2. For the marbling, heat the water in a saucepan until simmering. Pour into a bowl, add the cocoa powder and stir with a fork. It will be a little lumpy but continue to mix until it becomes a thickish liquid. Set aside to cool while you prepare the batter.
3. For the cake, add the flour, sugar, salt and baking powder to the bowl of a stand mixer, fitted with the paddle attachment. Pulse briefly to combine, then add the butter, in pieces, until incorporated – the mixture should resemble a sandy crumble. Beat for a minute or so here, this is building the structure so it’s important not to rush this step.
4. Add the vanilla then add the eggs, one at a time, and mix until incorporated before adding the next. Turn the mixer speed to low and slowly add the buttermilk, mixing until incorporated, then add the vegetable oil.

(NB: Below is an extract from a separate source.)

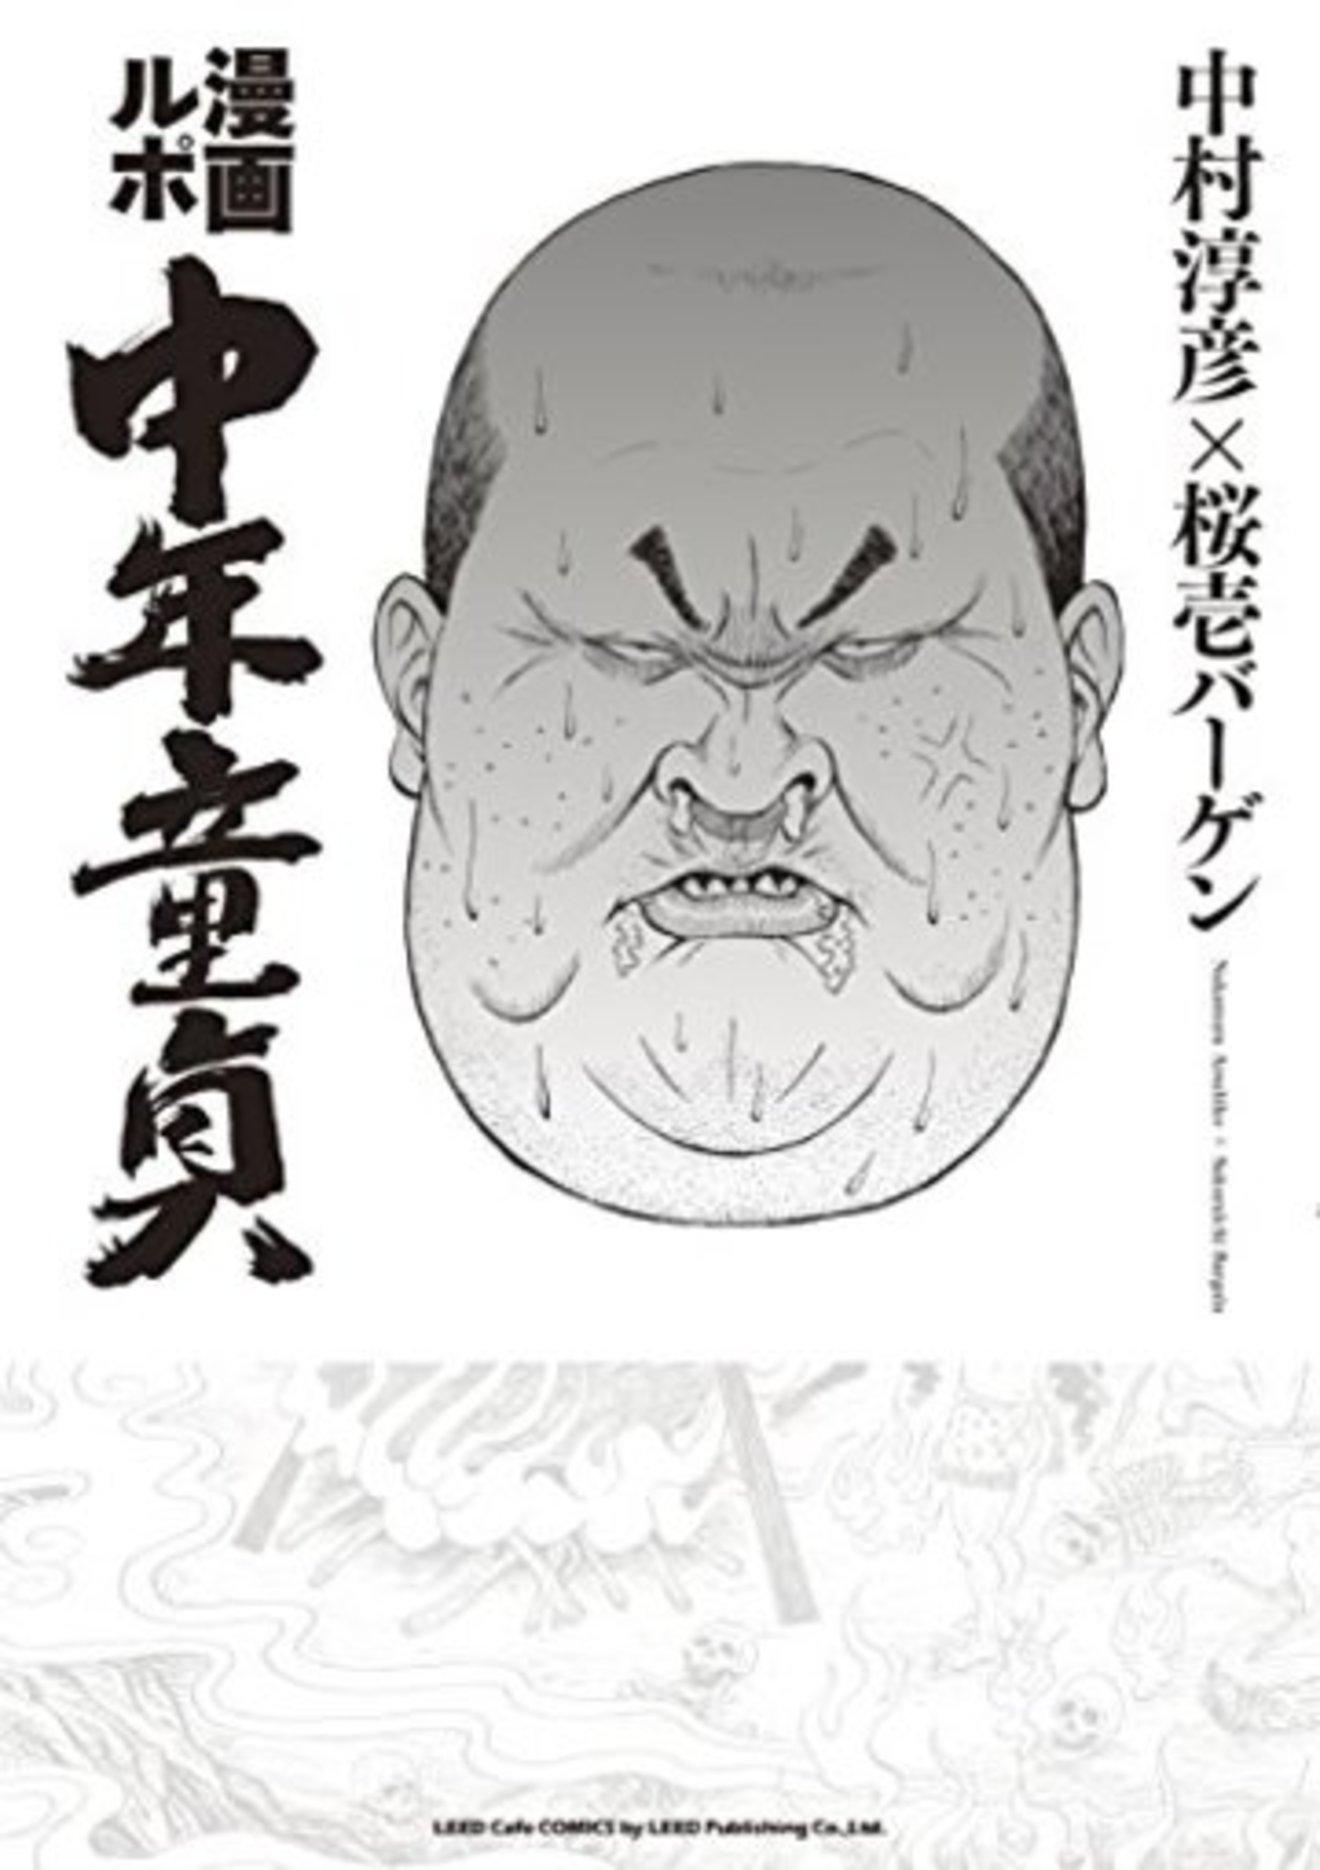 『中年童貞』のリアルが刺さる!ルポ漫画の見所をネタバレ紹介!

5. Take a scant third of mixture and add to the bowl of marbling mixture and use a spoon to gently fold and combine.
6. Layer the batter into your pans, starting with vanilla, then chocolate and ending with vanilla. You just want blobs of mixture, nothing overly precise. Use a knife to gently swirl the batter together in a few spots. Don’t over-mix or the cake won’t have a marbled interior.
7. Bake the cakes for 35-40 minutes, or until a cake tester inserted into the centre comes out clean, or the centre of the cake springs back to your touch. Let the cakes cool for 10 minutes inside the tins before gently flipping them out. Wrap the cakes in clingfilm and place in the fridge to continue to cool. (As the cakes cool inside the clingfilm, they steam, and this adds further moisture to your sponge.)
8. To make the buttercream, put the chocolate into a heatproof bowl set over a saucepan about a third-full of boiling water. Do not let the base of the bowl touch the water below. Stir, until the chocolate has melted, then remove and set aside to cool to a tepid temperature (keep the water in the saucepan). Stir through the cocoa powder, using a fork to remove any lumps.
9. Put the eggwhites and sugar into the bowl of a stand mixer. Set it over the same saucepan filled with water. Heat, whisking constantly, until it reaches about 70C on a thermometer – the sugar will be dissolved and the mixture hot to the touch. Immediately remove then set the bowl onto a stand mixer fitted with the whisk attachment. Whisk on high speed until a thick and glossy meringue has formed and the bowl has cooled to room temperature (about 5-7 minutes). Add the butter, about a tablespoon’s worth at a time, until fully incorporated. Lower the speed, gently add the melted chocolate mixture and beat until combined.
10. To assemble, place a sponge on a plate. Smear over a quarter of the buttercream. Place the second sponge on top. Smear over another quarter of icing and top with final sponge. Add remaining buttercream all over the cake – we are not aiming for perfection here – and use a pallet knife to smooth the sides and create some lovely ripples on top.
11. Sprinkle over the chocolate cookie crumb, if using, then top with shaved chocolate. Lastly top with the Easter eggs.
Note: This cake is best served at room temperature. Given the butter content of the buttercream, cold from the fridge is not ideal.